Good luck to everyone , not long now, iam like a kid before christmas


----------



## staceyscats1 (Feb 17, 2008)

Jen26 said:


> Good luck to everyone , not long now, iam like a kid before christmas


lol me too !!! 

and good luck to all !!!!


----------



## linz1 (Sep 19, 2008)

same here good luck everyone x


----------



## Guest (Nov 21, 2008)

I was hoping to go as a spectator but it coincides with a weekend of dance exams for my eldest so have to go and support her!

Hope everyone has a fab time though xx


----------



## Fireblade (Sep 7, 2008)

Yes Good Luck to everyone showing,and don't forget we bring the best cats home. xxxxx


----------



## Saynamore (Feb 28, 2008)

Good luck to everyone entering tomorrow, above all get there safe and get you and your precious bundles home safe.

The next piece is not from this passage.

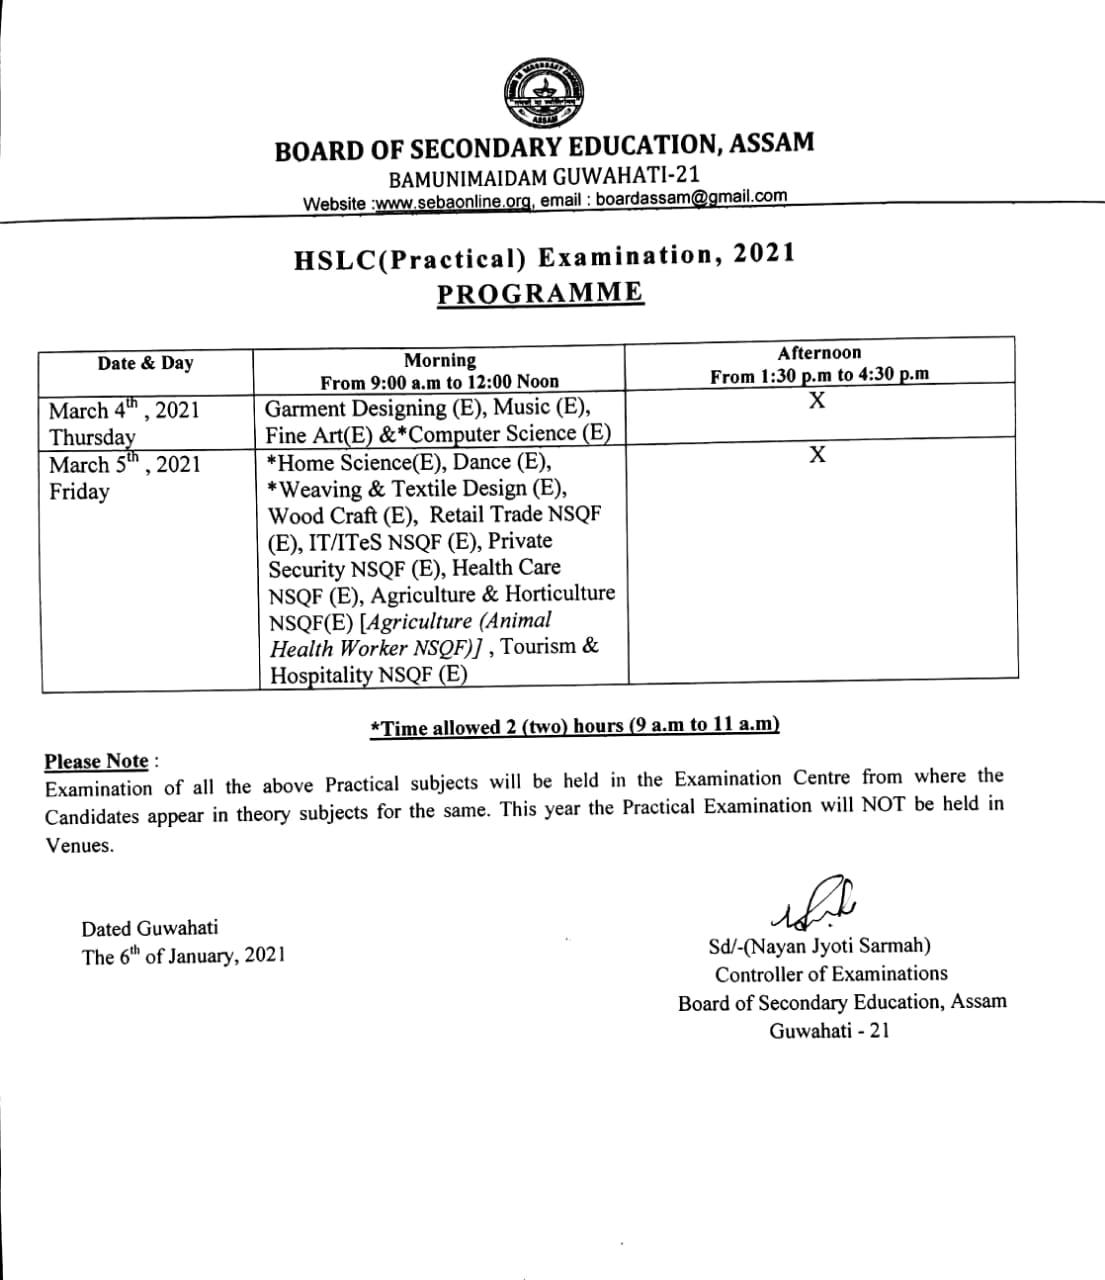 Assam HSLC Exam Routine 2021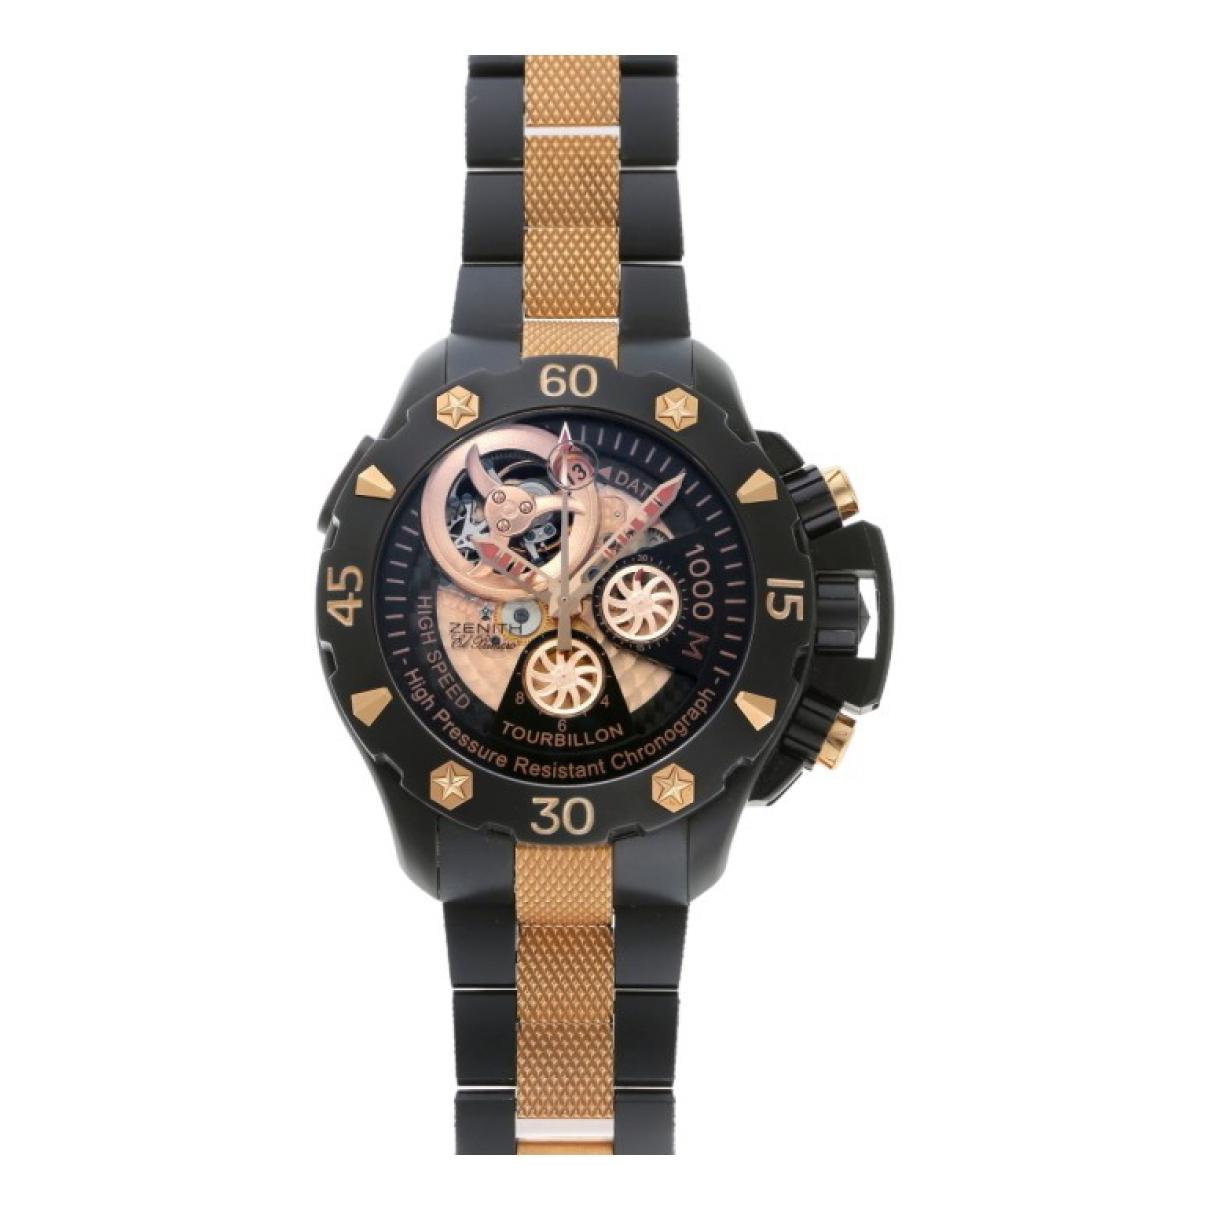 Zenith \N Uhr in  Schwarz Titan

Hope you all have a brill day


----------



## Chelocoonz (Sep 6, 2008)

Good Luck to everyone showing ,I will be there with friends and family ,as far as im concerned you are all winners from the word go ,we all love our babies .
xxx Chris xxx


----------



## LousKoonz (Feb 9, 2008)

Hazel, was fab to see you and meet the family today  xx

hope everyones kitty's did well x

The Maine Coon that won totally deserved it, me and poshcats were with the winners owners and a few other breeders for the day and needless to say the day was very much enjoyed  xx


----------



## Toby & Darwin (May 26, 2008)

LousKoonz said:


> Hazel, was fab to see you and meet the family today  xx
> 
> hope everyones kitty's did well x
> 
> The Maine Coon that won totally deserved it, me and poshcats were with the winners owners and a few other breeders for the day and needless to say the day was very much enjoyed  xx


It was lovely to see you again too xx

A stunning and very well deserved winner!!!!

We all had a wonderful day out and met lots of gorgeous kitties


----------